The gas turbine crisis, as Matthew wrote in September, may be moving into a new phase as industrial giants race to meet the surging demand. In general, investors have rewarded the effort. “But,” as Matthew posed, “what happens when the pressure to build doesn’t come from customers but from competitors?” We may soon find out.
It is, quite literally, the stuff of science fiction, the kind of space-based solar power plant that Isaac Asimov imagined back in 1940. But as Heatmap’s Katie Brigham reported in an exclusive this morning, the space solar company Overview Energy has emerged from stealth, announcing its intention to make satellites that will transmit energy via lasers directly onto Earth’s power grids. The company has raised $20 million in a seed round led by Lowercarbon Capital, Prime Movers Lab, and Engine Ventures, and is now working toward raising a Series A. The way the technology would work is by beaming the solar power to existing utility-scale solar projects. As Katie explained: “The core thesis behind Overview is to allow solar farms to generate power when the sun isn’t shining, turning solar into a firm, 24/7 renewable resource. What’s more, the satellites could direct their energy anywhere in the world, depending on demand. California solar farms, for example, could receive energy in the early morning hours. Then, as the sun rises over the West Coast and sets in Europe, ‘we switch the beam over to Western Europe, Morocco, things in that area, power them through the evening peak,’” Marc Berte, the founder and CEO of Overview Energy, told her. He added: “It hits 10 p.m., 11 p.m., most people are starting to go to bed if it’s a weekday. Demand is going down. But it’s now 3 p.m. in California, so you switch the beam back.”

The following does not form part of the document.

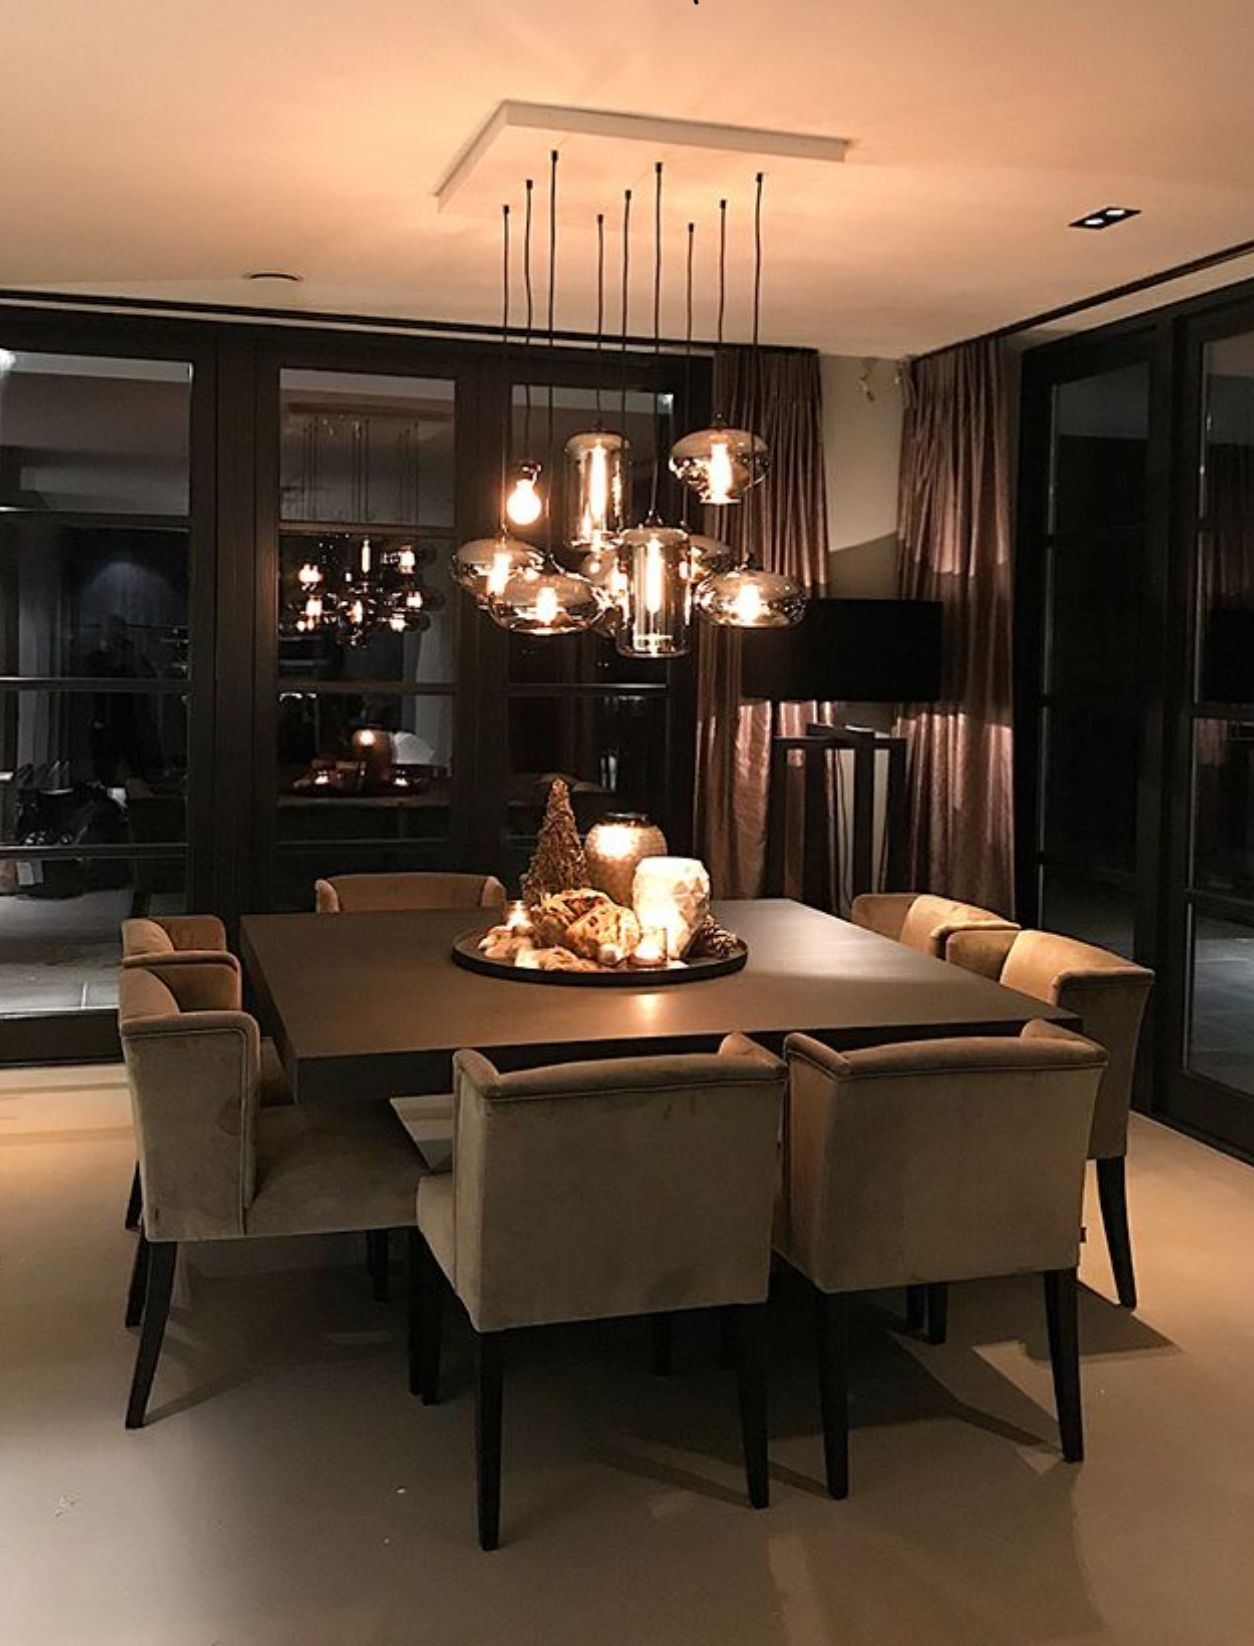 mooi project van sober sjiek dining room pinterest esszimmer wohnzimmer und haus. Black Bedroom Furniture Sets. Home Design Ideas

In bigger fundraising news with more immediate implications for our energy system, next-generation geothermal darling Fervo Energy has raised another $462 million in a Series E round to help push its first power plants over the finish line, as Matthew wrote about this morning.
When Sanae Takaichi became the first Japanese woman to serve as prime minister in October, I told you at the time how she wanted to put surging energy needs ahead of lingering fears from Fukushima by turning the country’s nuclear plants back on and building more reactors. Her focus isn’t just on fission. Japan is “repositioning fusion energy from a distant research objective to an industrial priority,” according to The Fusion Report. And Helical Fusion has emerged as its national champion. The Tokyo-based company has signed the first power purchase agreement in Japan for fusion, a deal with the regional supermarket chain Aoki Super Co. to power some of its 50 stores. The Takaichi administration has signaled plans to increase funding for fusion as the new government looks to hasten its development. While “Japan still trails the U.S. and China in total fusion investment,” the trade newsletter reported, “the policy architecture now exists to close that gap rapidly.”
Another day, another emerging energy or climate technology gets Google’s backing. This morning, the carbon removal startup Ebb inked a deal with Google to suck 3,500 tons of CO2 out of the atmosphere. Ebb’s technology converts carbon dioxide from the air into “safe, durable” bicarbonate in seawater and converting “what has historically been a waste stream into a climate solution,” Ben Tarbell, chief executive of Ebb, said in a statement. “The natural systems in the ocean represent the most powerful and rapidly scalable path to meaningful carbon removal … Our ability to remove CO2 at scale becomes the natural outcome of smart business decisions — a powerful financial incentive that will drive expansion of our technology.”